=== INPUT DATA ===
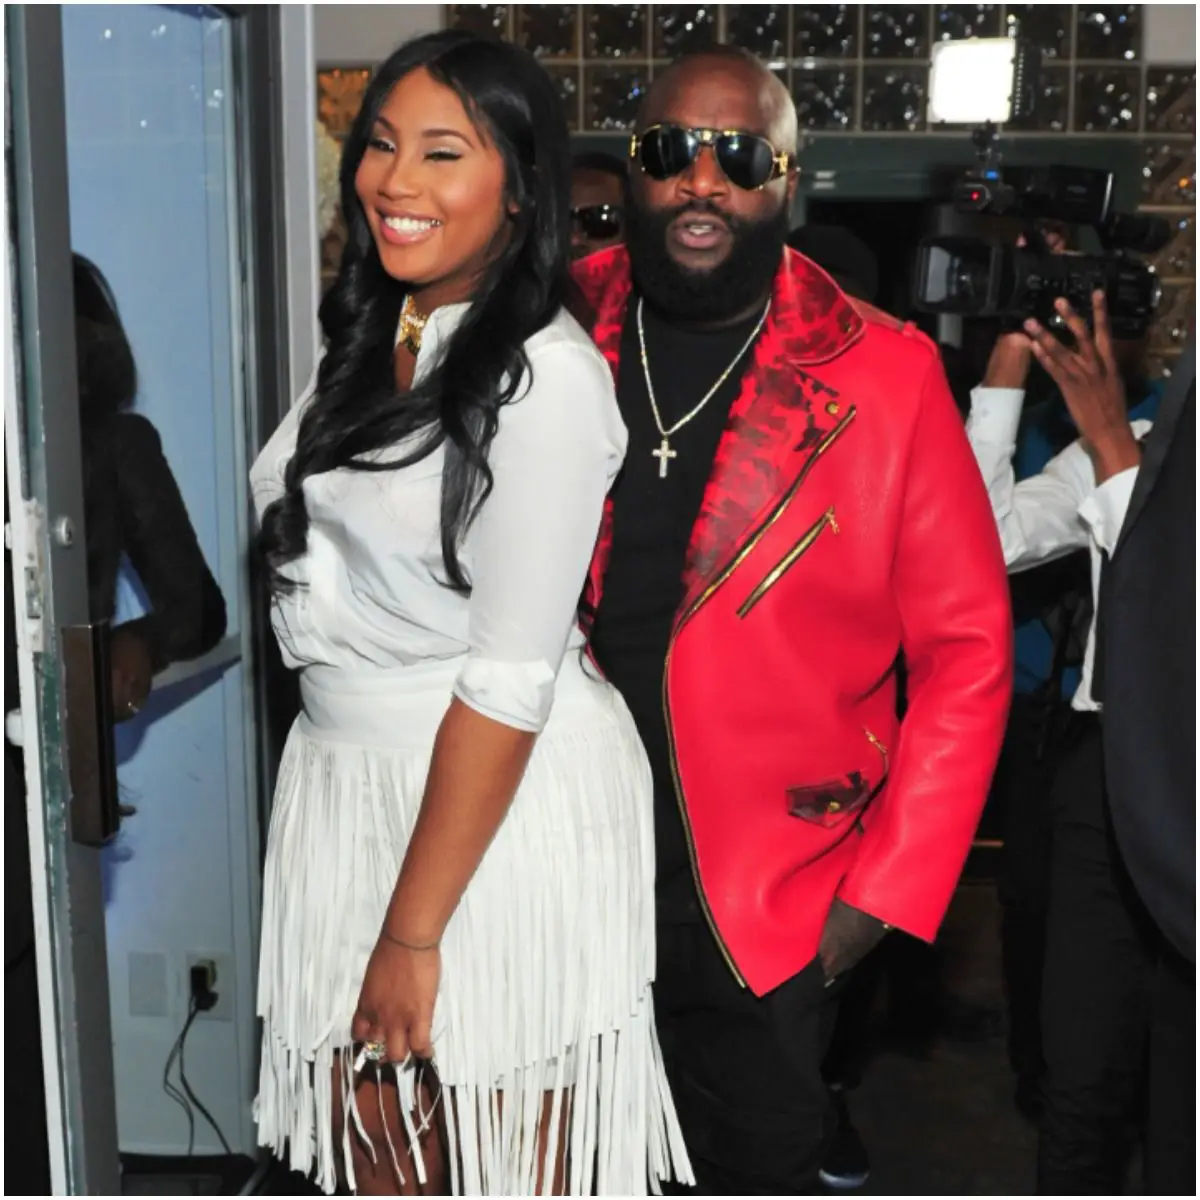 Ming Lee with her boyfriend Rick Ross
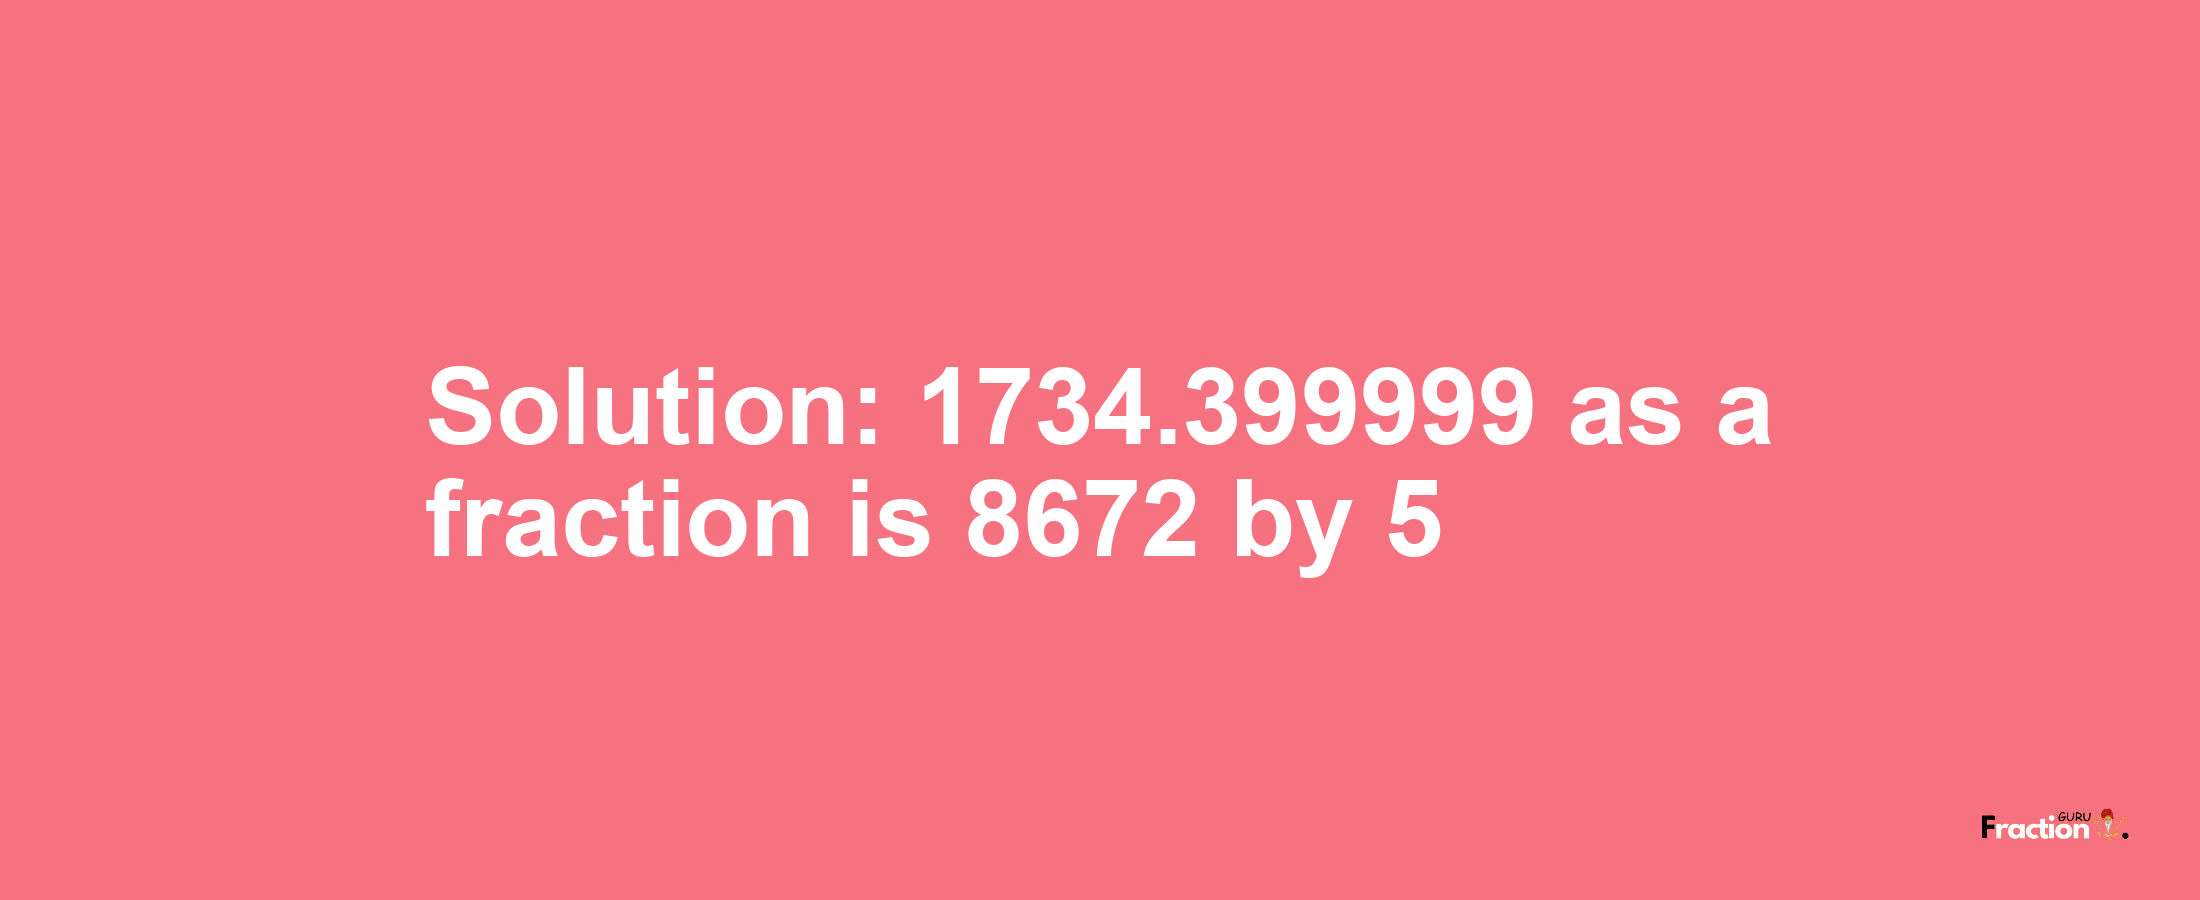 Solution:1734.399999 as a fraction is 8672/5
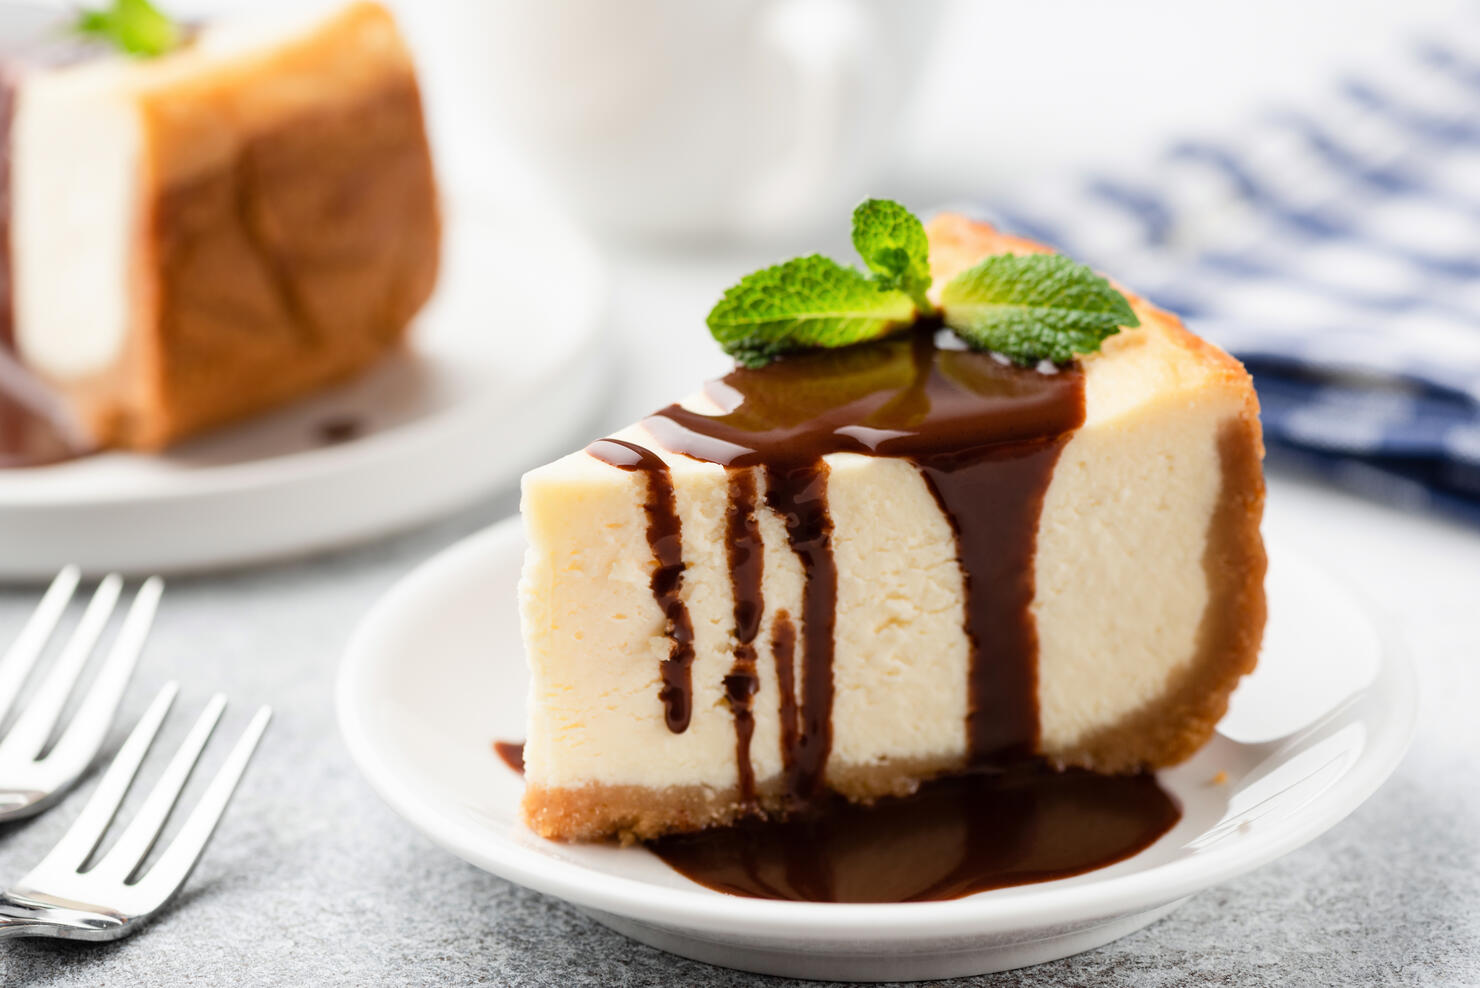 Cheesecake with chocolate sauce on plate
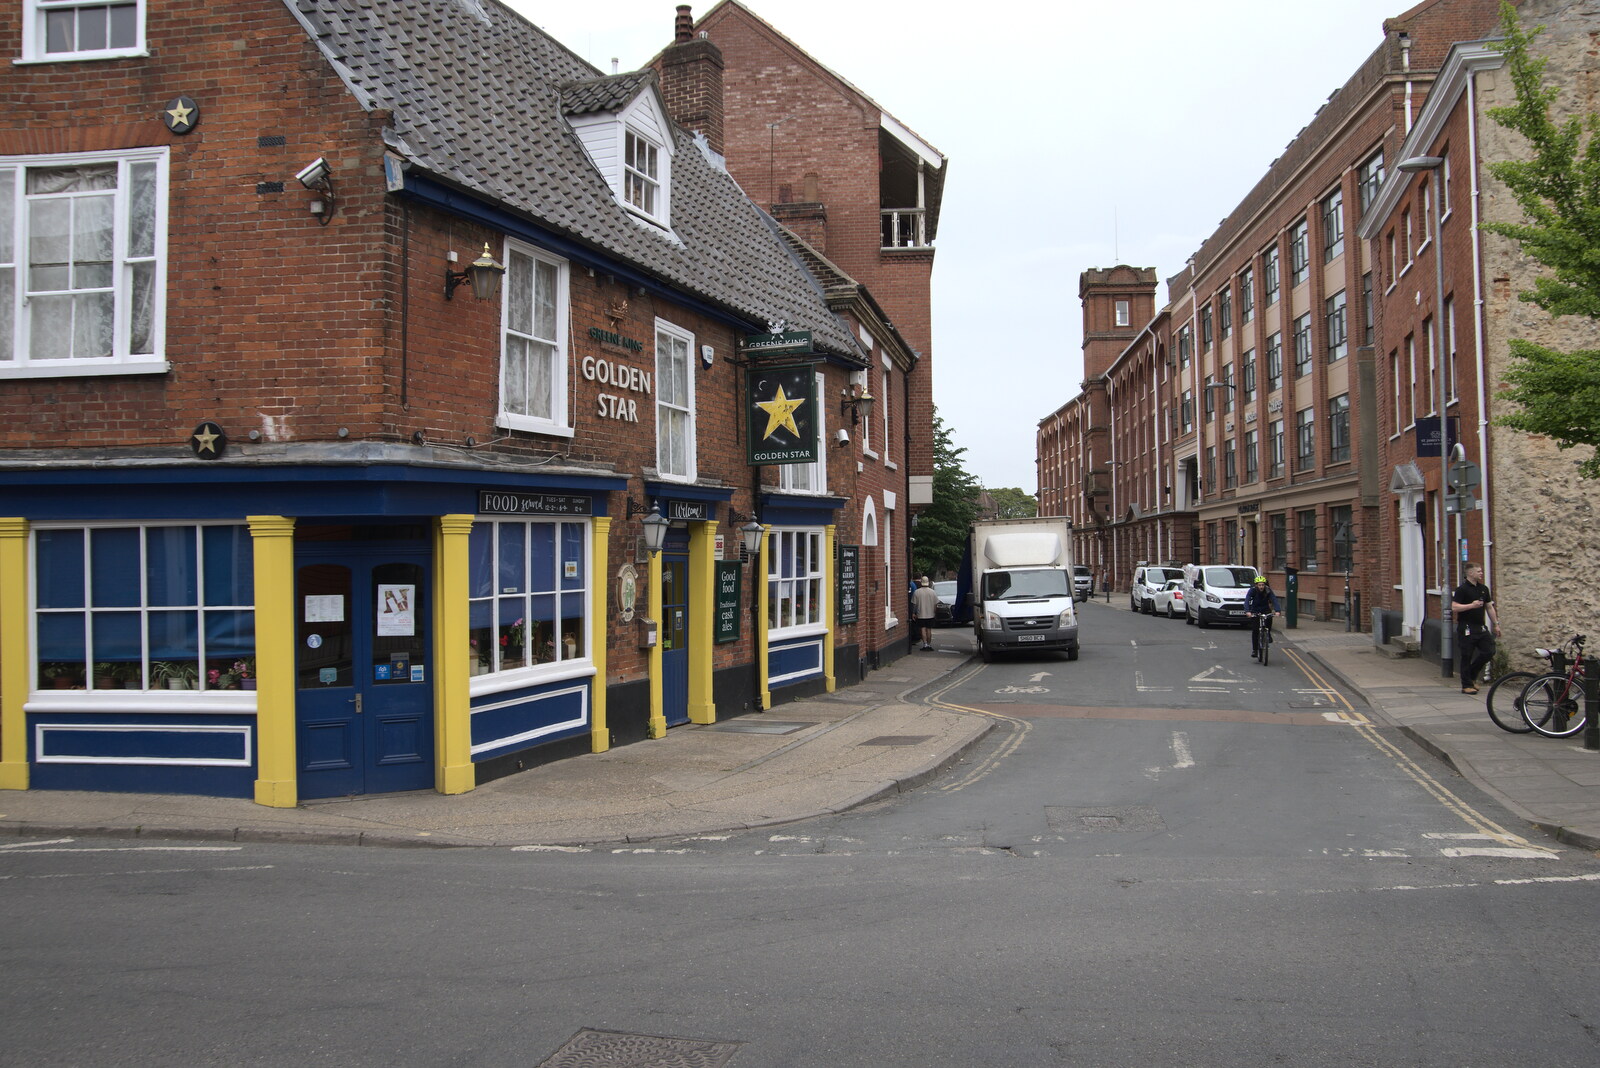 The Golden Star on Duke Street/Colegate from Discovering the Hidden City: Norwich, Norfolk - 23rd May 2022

=== AIM OF THE EXERCISE ===
Copy out all the data without changing anything, and drop the pictures.

=== WRITTEN ANSWER ===
 Ming Lee with her boyfriend Rick Ross
 Solution:1734.399999 as a fraction is 8672/5
 Cheesecake with chocolate sauce on plate
 The Golden Star on Duke Street/Colegate from Discovering the Hidden City: Norwich, Norfolk - 23rd May 2022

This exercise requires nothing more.